La Suisse, les Eglises et l’argent: visite surprise à Expo.02

APIC Reportage

Soeur Emmanuelle interpellée par «Un Ange passe.» et le lingot d’or de la Banque nationale

Jacques Berset, APIC

Morat/Bienne, 9 juin 2002 (APIC) L’hôte de marque des arteplages de Morat et de Bienne ne passe pas inaperçue: à 93 ans, Soeur Emmanuelle – la «pasionaria» des chiffonniers du Caire – n’échappe pas aux poignées de mains du public. A l’invitation de l’Association des Amis de Soeur Emmanuelle, la frêle religieuse visite deux lieux significatifs d’Expo.02: à Morat les sept lieux spirituels de l’exposition «Un ange passe.», et à Bienne le pavillon en forme de lingot d’or de la Banque nationale. L’esprit et l’argent, tout un symbole!

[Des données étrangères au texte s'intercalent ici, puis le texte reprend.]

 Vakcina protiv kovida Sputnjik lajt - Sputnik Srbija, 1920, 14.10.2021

Accompagnée des journalistes de l’APIC et des émissions religieuses de la Radio Romande, Soeur Emmanuelle fait le tour des sept cabanes rouillées de l’architecte Jean Nouvel, concepteur de l’arteplage de Morat. Ils vivent l’expérience unique de recueillir les réflexions de cette enseignante née en 1908 à Bruxelles, de père français et de mère belge. Sous le nom de Soeur Emmanuelle, Madeleine Cinquin va enseigner les lettres et la philosophie durant 40 ans à Istanbul, Tunis, Alexandrie. A l’âge de la retraite, elle s’installera au milieu des chiffonniers du Caire, avant d’obéir enfin à ses supérieures, et de rentrer en France.. à l’âge de 85 ans!

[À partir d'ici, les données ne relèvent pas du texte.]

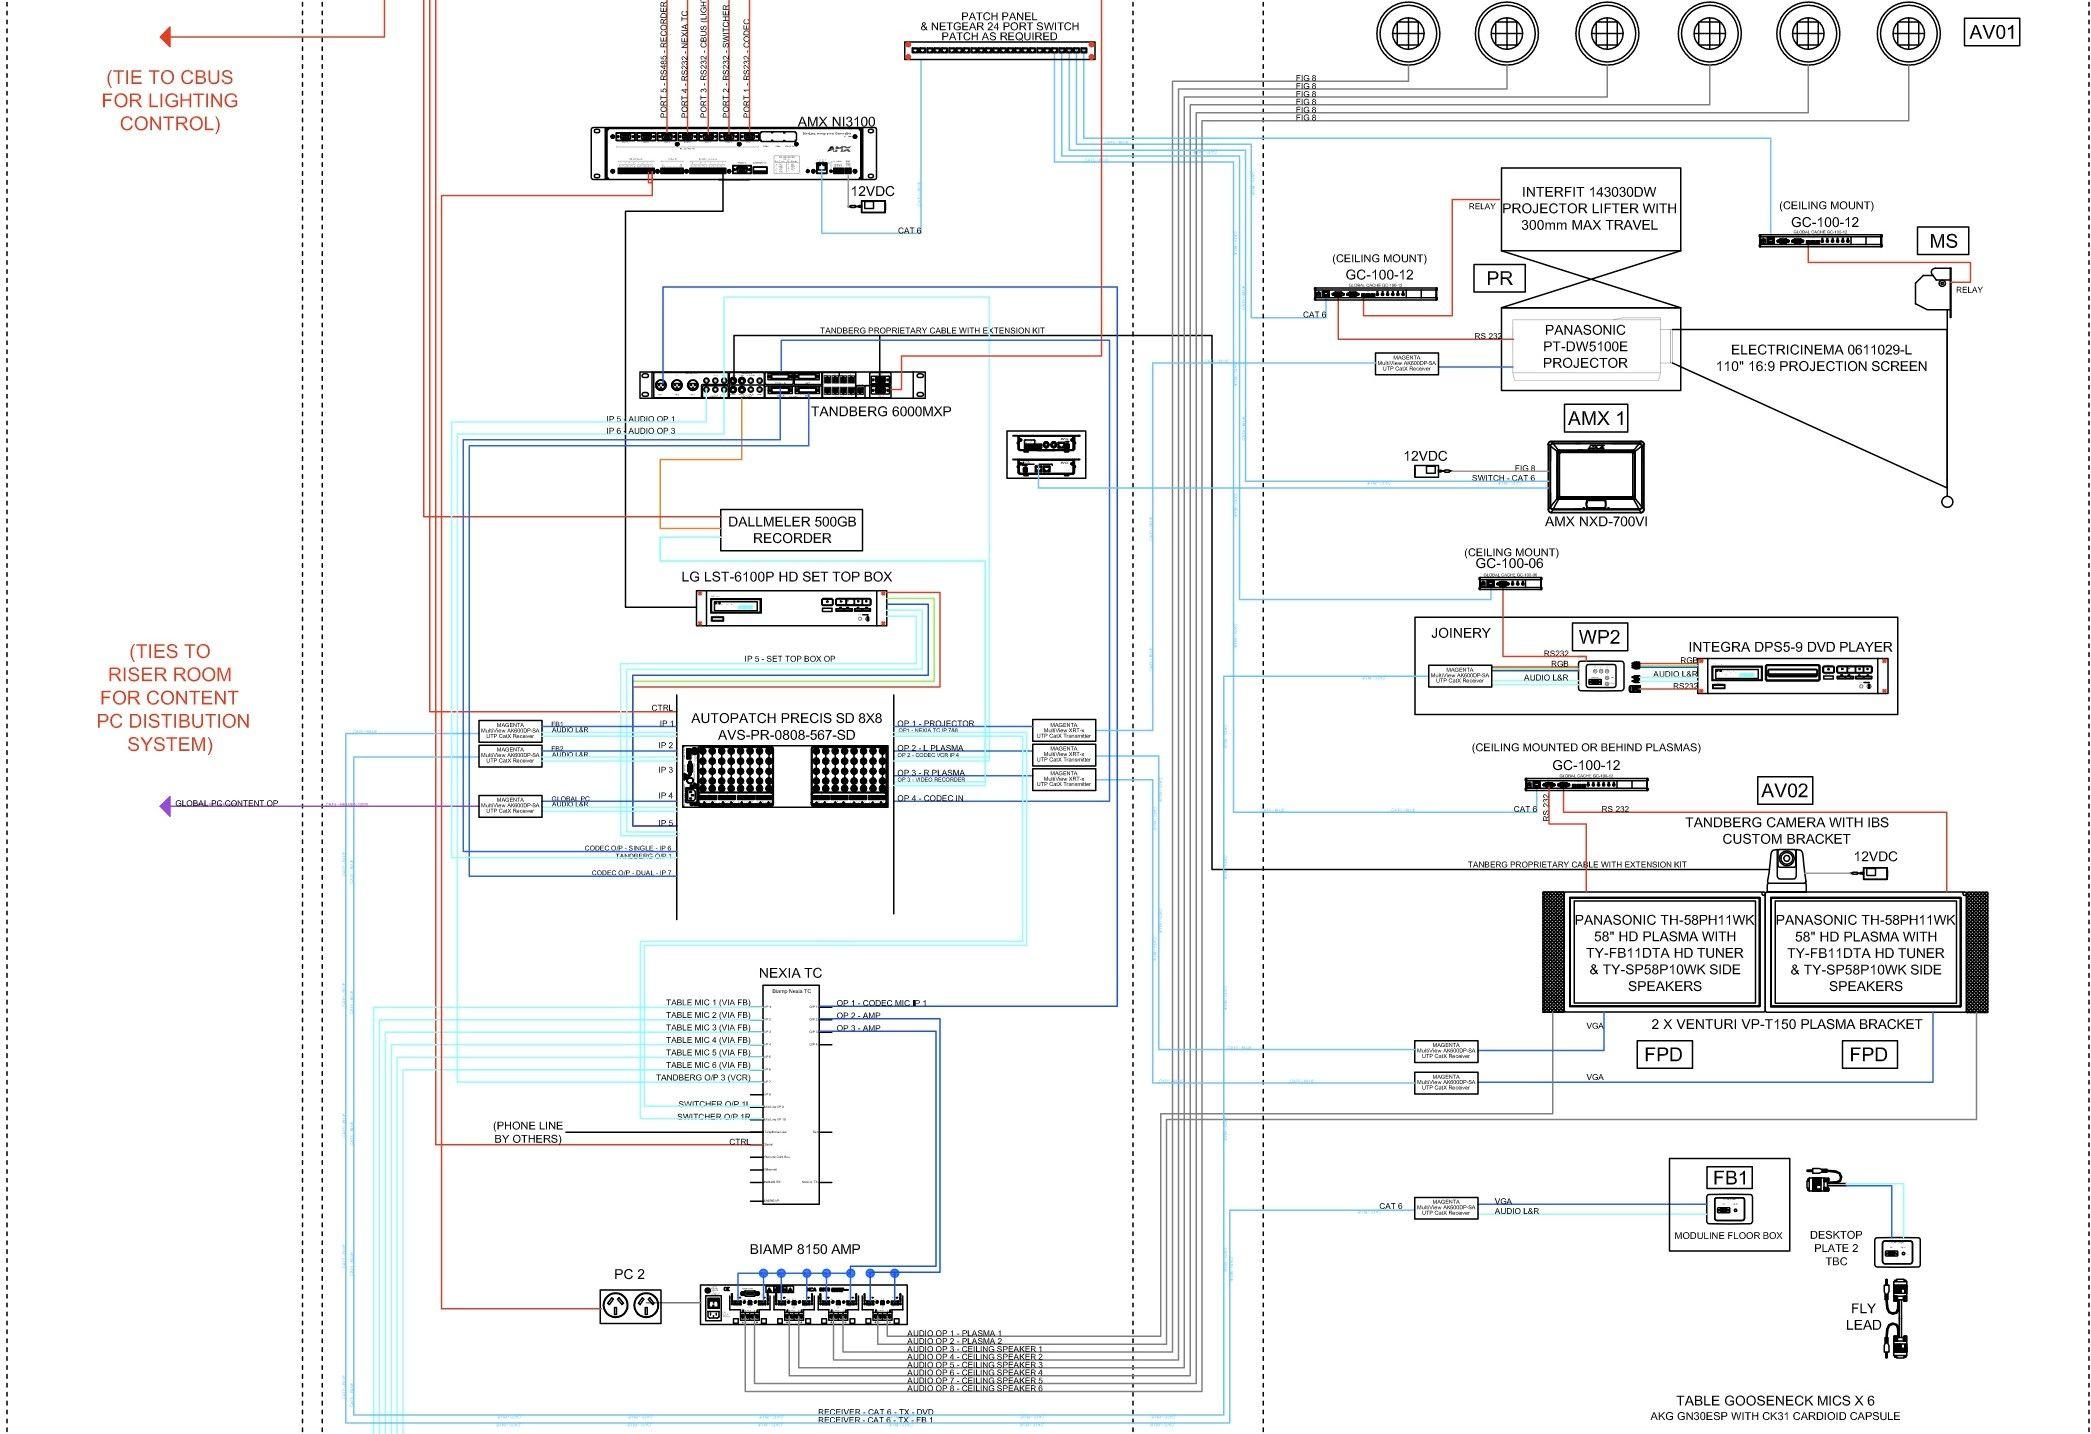 Av wiring schematic videoconferencing system portfolio audio av wiring schematic videoconferencing system cheapraybanclubmaster Gallery

Dès la première station, le «ciel du Mystère», Soeur Emmanuelle entre immédiatement dans la démarche des Eglises suisses à Expo.02. Le théologien Gabriel de Montmollin, qui a eu l’idée de «Un Ange passe.», est béat d’admiration devant les commentaires de la religieuse aux mains chenues: «elle a tout compris!». La petite statue de l’artiste américain Bob Wilson suspendue la tête en bas au centre de l’étroit espace l’intrigue et provoque la réflexion: «C’est très évocateur, car le mystère de la foi, c’est d’arriver à comprendre que sur terre, nous ne voyons pas les choses dans leur vérité profonde. Cette petite statue nous met en garde contre la tentation de s’attacher à ce qui a la tête en bas… Les vraies valeurs ne sont pas sur terre!»

Le «ciel de l’au-delà», évoqué par Anish Kapoor, tente de montrer l’invisible, l’inconnu de l’au-delà. Le Nouveau Testament n’en dévoile que peu. Seule la certitude d’être entre les mains de Dieu est donnée. L’installation de l’artiste britannique d’origine indienne met le visiteur face à un grand miroir suspendu qui renverse son image. «C’est la première fois que je vois de pareils symboles qui vraiment nous font réfléchir. Grâce à cette exposition des Eglises, j’apprends à nouveau quelque chose, je vais aller encore plus loin dans ma vision du monde!»

Au «ciel de la Bonne Nouvelle», où le public est interpellé – dans les 40 langues actuellement parlées en Suisse – par la question «Qui es-tu pour Dieu ?», Soeur Emmanuelle est accueillie par une religieuse d’Ingenbohl, Joie de la rencontrer enfin de visu. A l’intérieur de la cabane obscure, sur la paroi du fond, défilent les parole des 1’000 personnes interrogées dans toute la Suisse. Au milieu du brouhaha des langues mélangées, la question lancinante revient: «Qui es-tu pour Dieu?» La frêle religieuse se lève de sa chaise roulante et se hisse vers la console où les visiteurs sont invités à écrire leur propre réponse. «Je suis unique pour Dieu, comme chaque être humain qu’il aime personnellement. Soeur Emmanuelle, 93 ans», écrit-elle. Sa sentence s’inscrit en lettres de lumière sur la paroi. «C’est merveilleux», lance-t-elle.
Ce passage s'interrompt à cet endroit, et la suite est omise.